▶ _SUPPLIED MATERIAL_
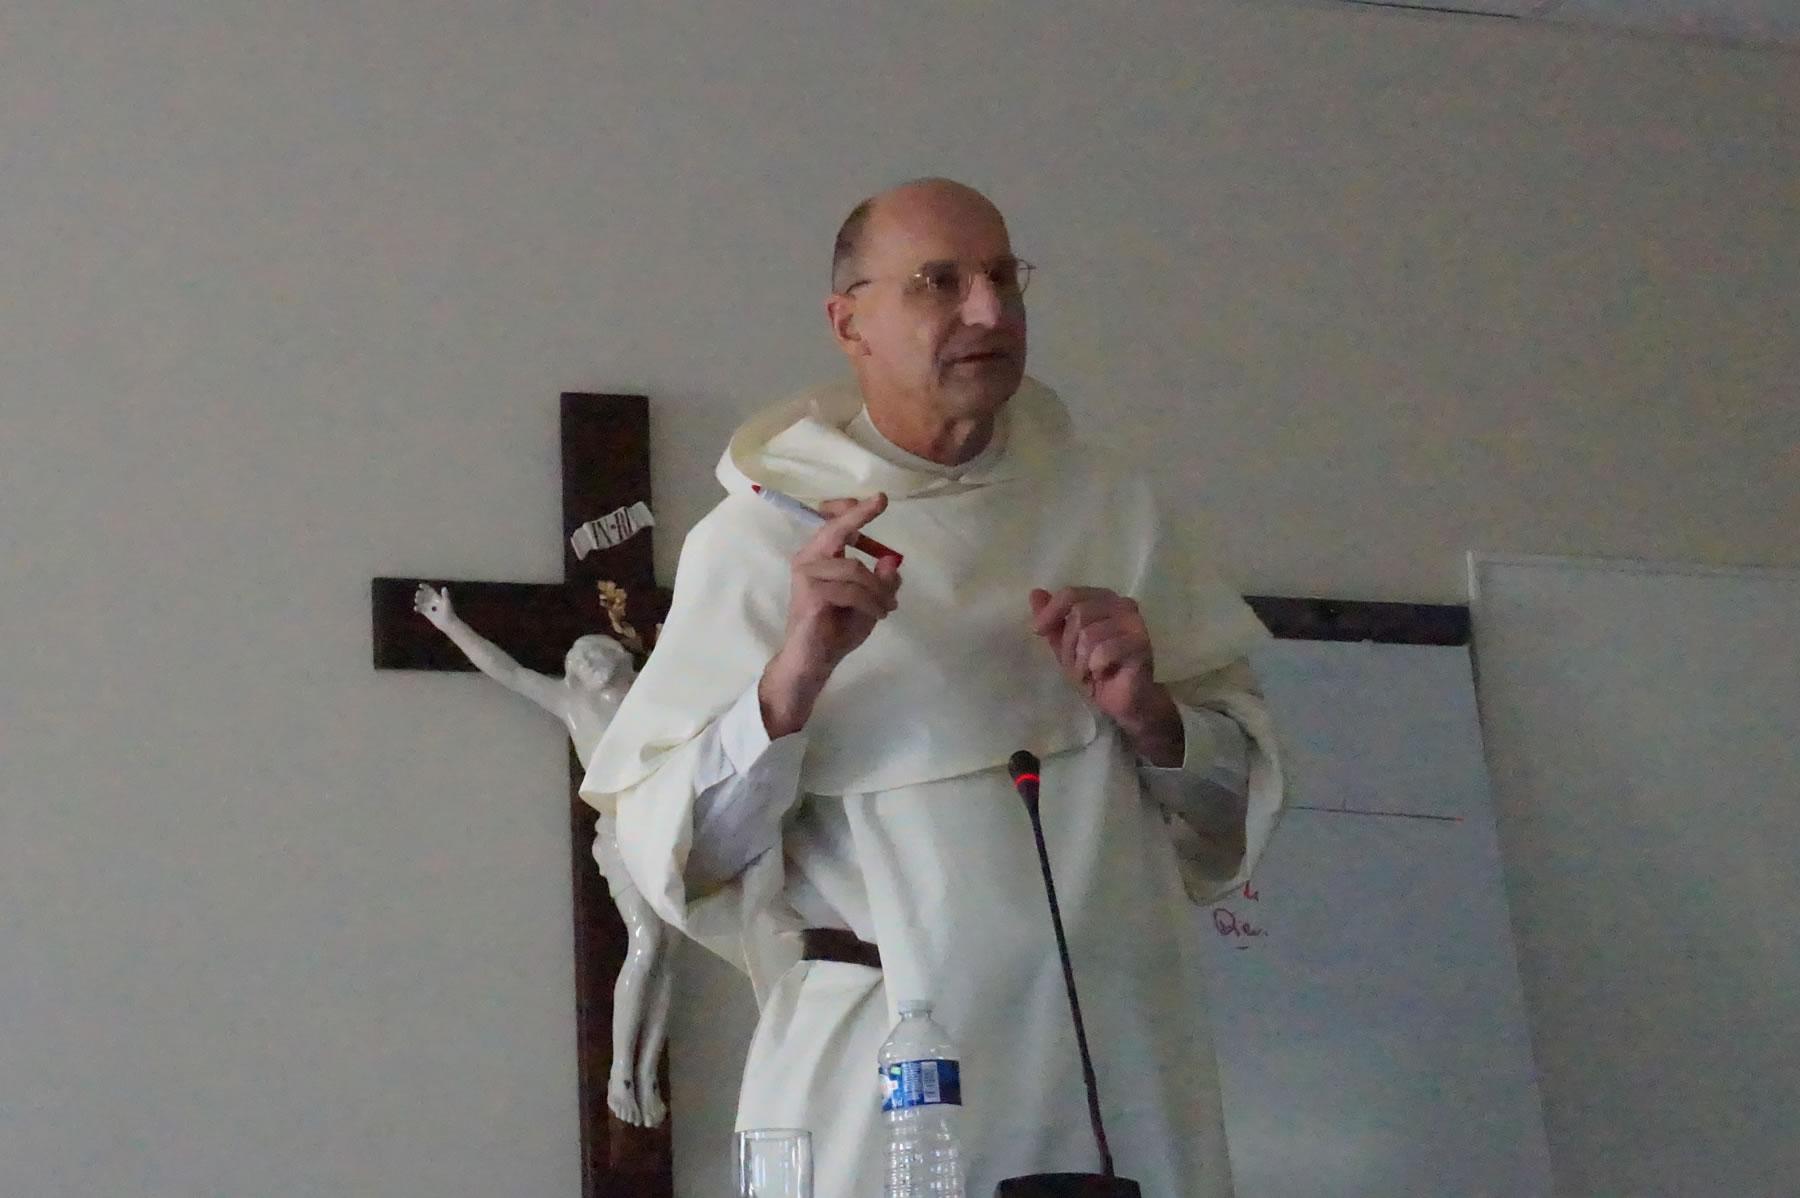 Session de théologie avec le Père Daguet du lundi 22 au samedi 27 février 2021.
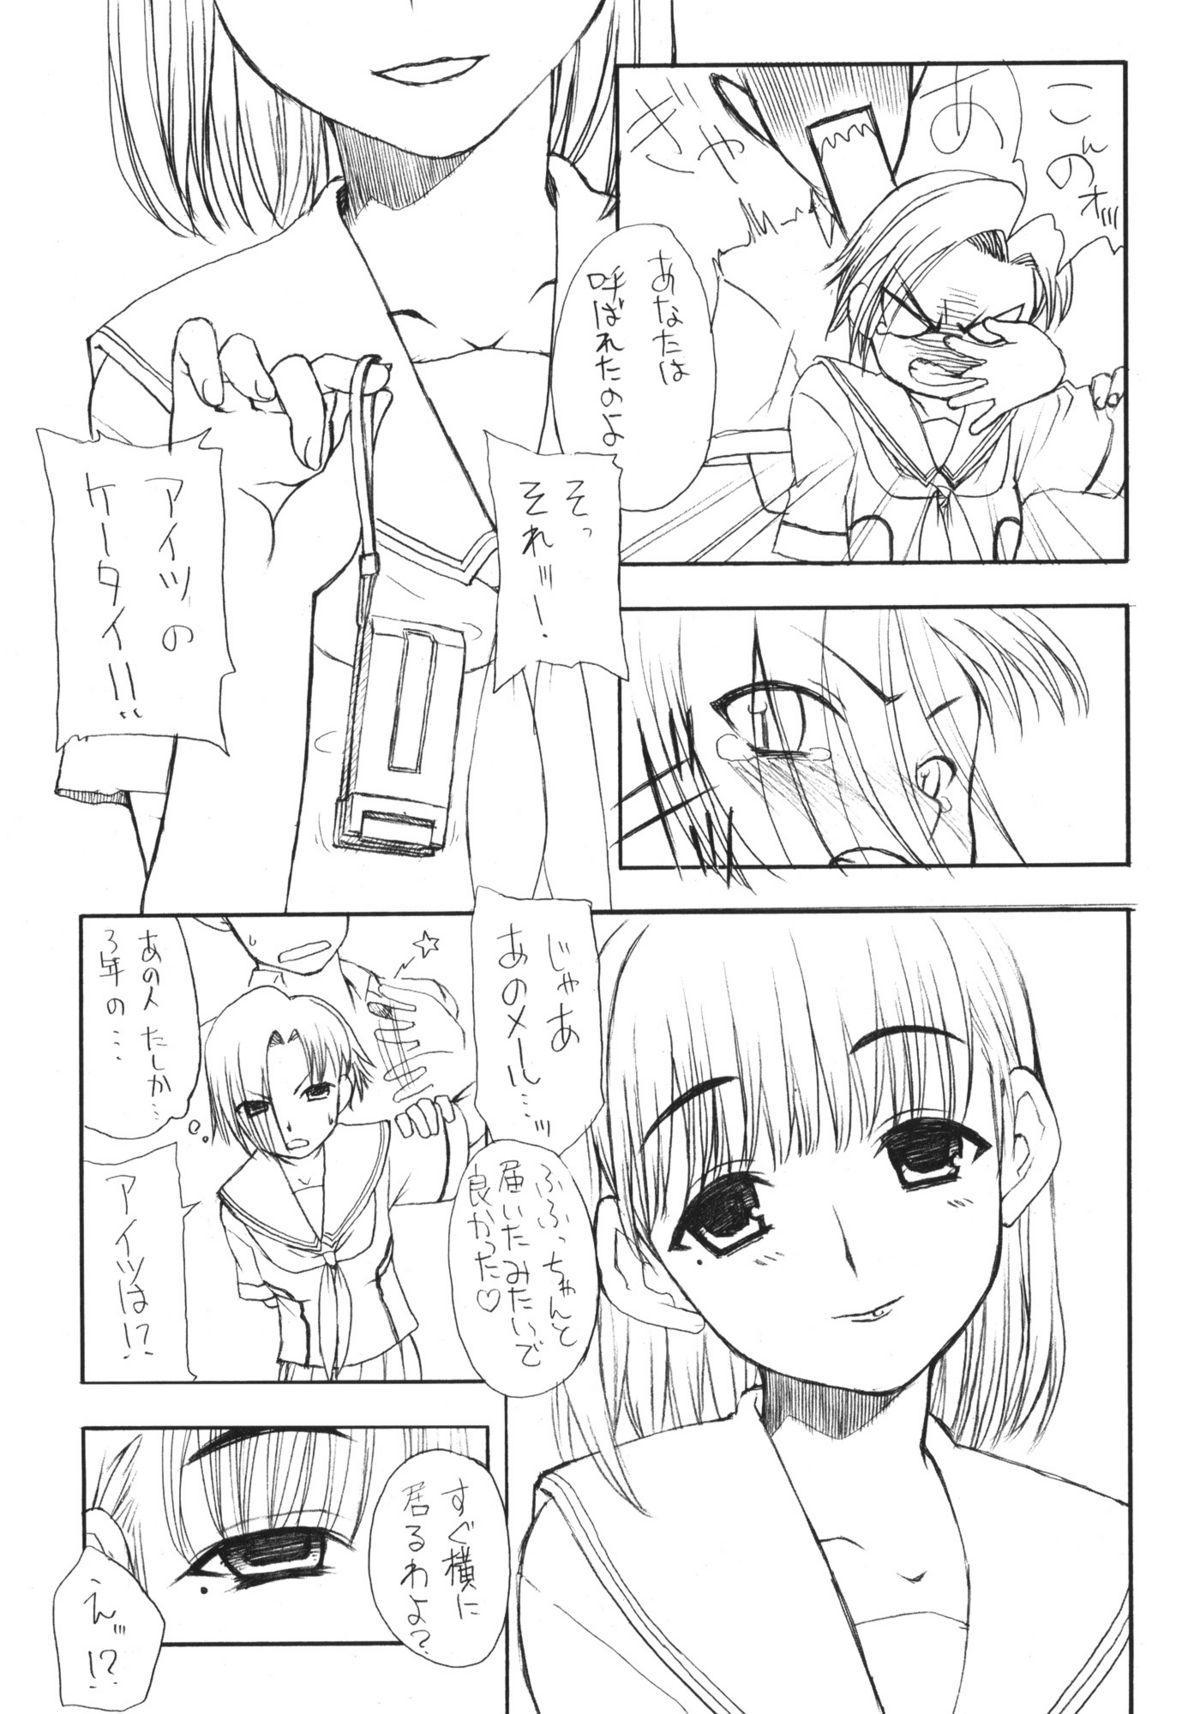 Rinko wa Nakadashi ga Ichiban Kanjirundesu. + Paper 13
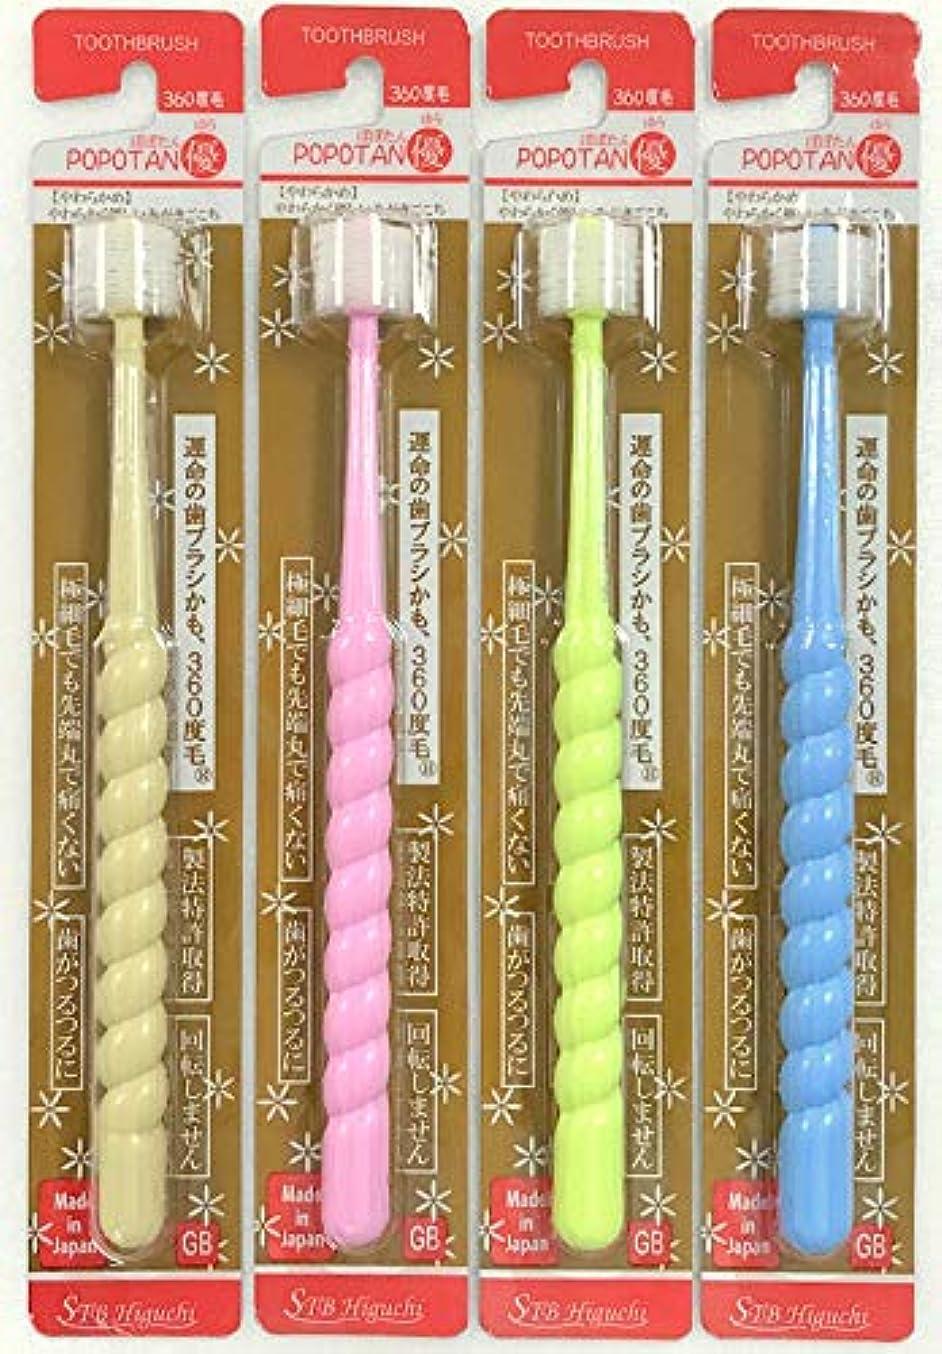 ハイキングミュウミュウ無限360度歯ブラシ 360do度毛歯ブラシ POPOTAN ぽぽたん 優(カラーは1色おまかせ)
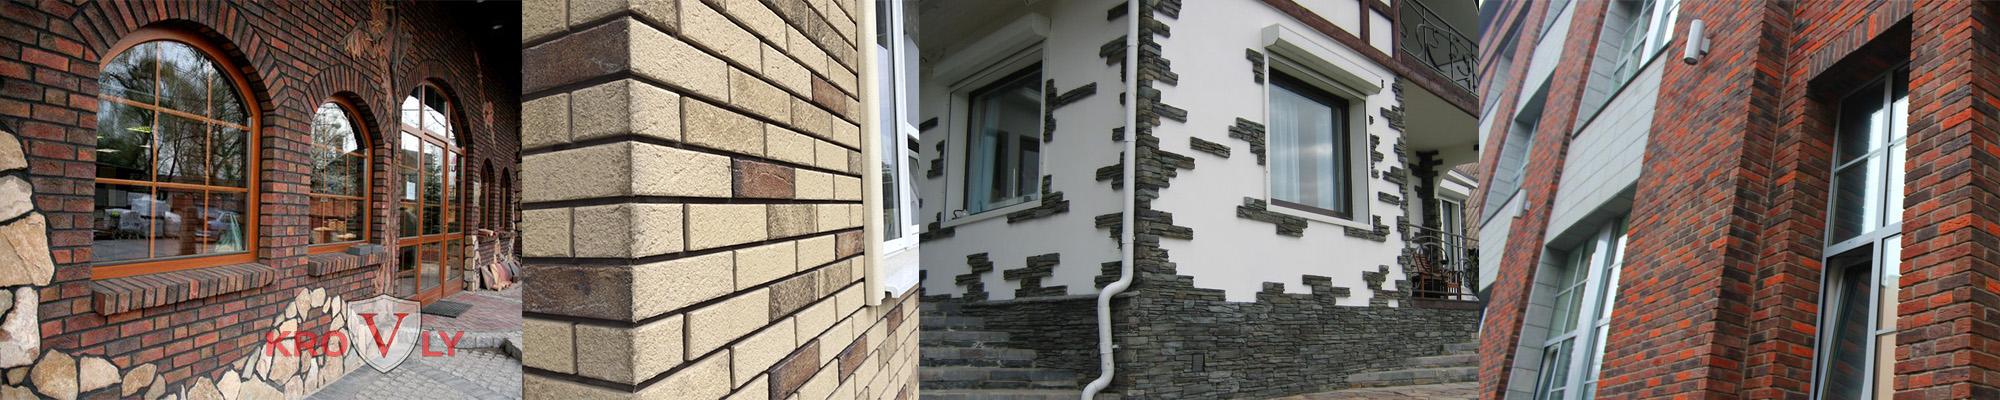 Облицовка фасада клинкерной плиткой, натуральным камнем
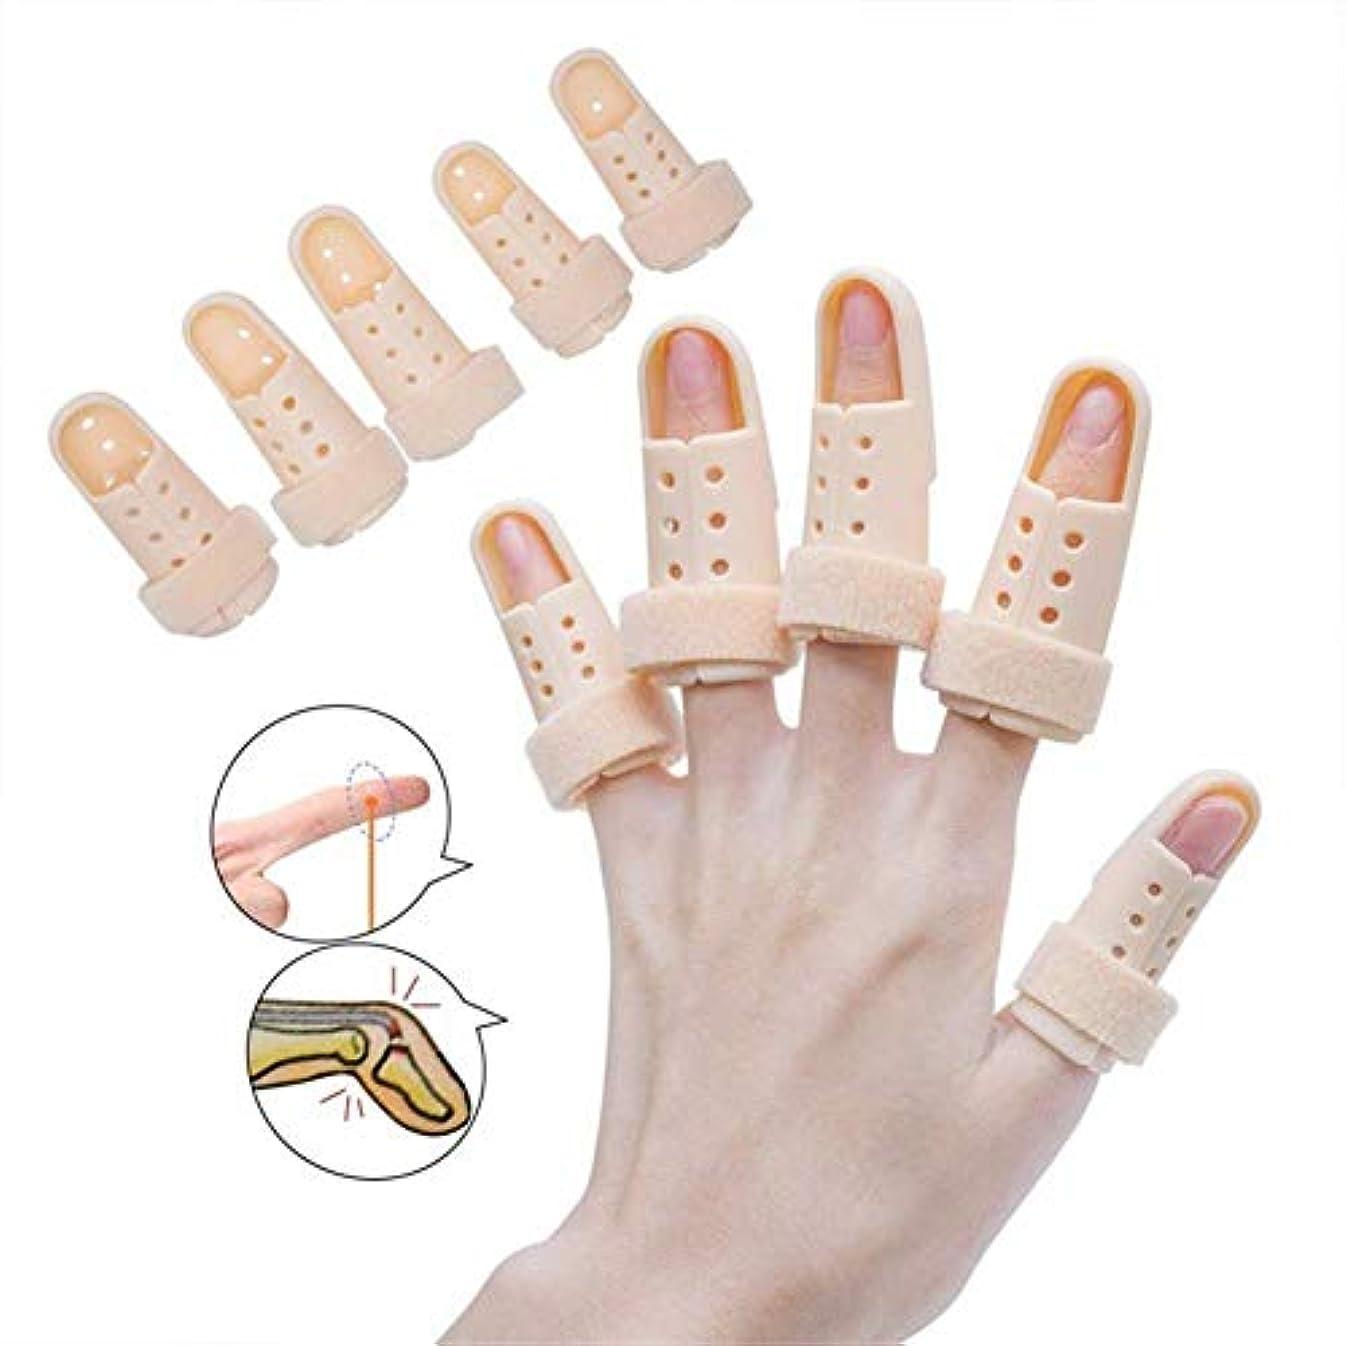 発表学校キャスト指の怪我のサポート、スプリントは指の捻rain関節炎の中立保護骨折サポートのスプリントをトリガーします

▶ _TASK TO COMPLETE_
Please retype exactly the lines from the line containing "Rinko wa Nakadashi" through the final line of the records above, inclusive, leaving out any pictures.

▶ _SOLUTION TO THIS EXERCISE_
 Rinko wa Nakadashi ga Ichiban Kanjirundesu. + Paper 13
 ハイキングミュウミュウ無限360度歯ブラシ 360do度毛歯ブラシ POPOTAN ぽぽたん 優(カラーは1色おまかせ)
 Облицовка фасада клинкерной плиткой, натуральным камнем
 発表学校キャスト指の怪我のサポート、スプリントは指の捻rain関節炎の中立保護骨折サポートのスプリントをトリガーします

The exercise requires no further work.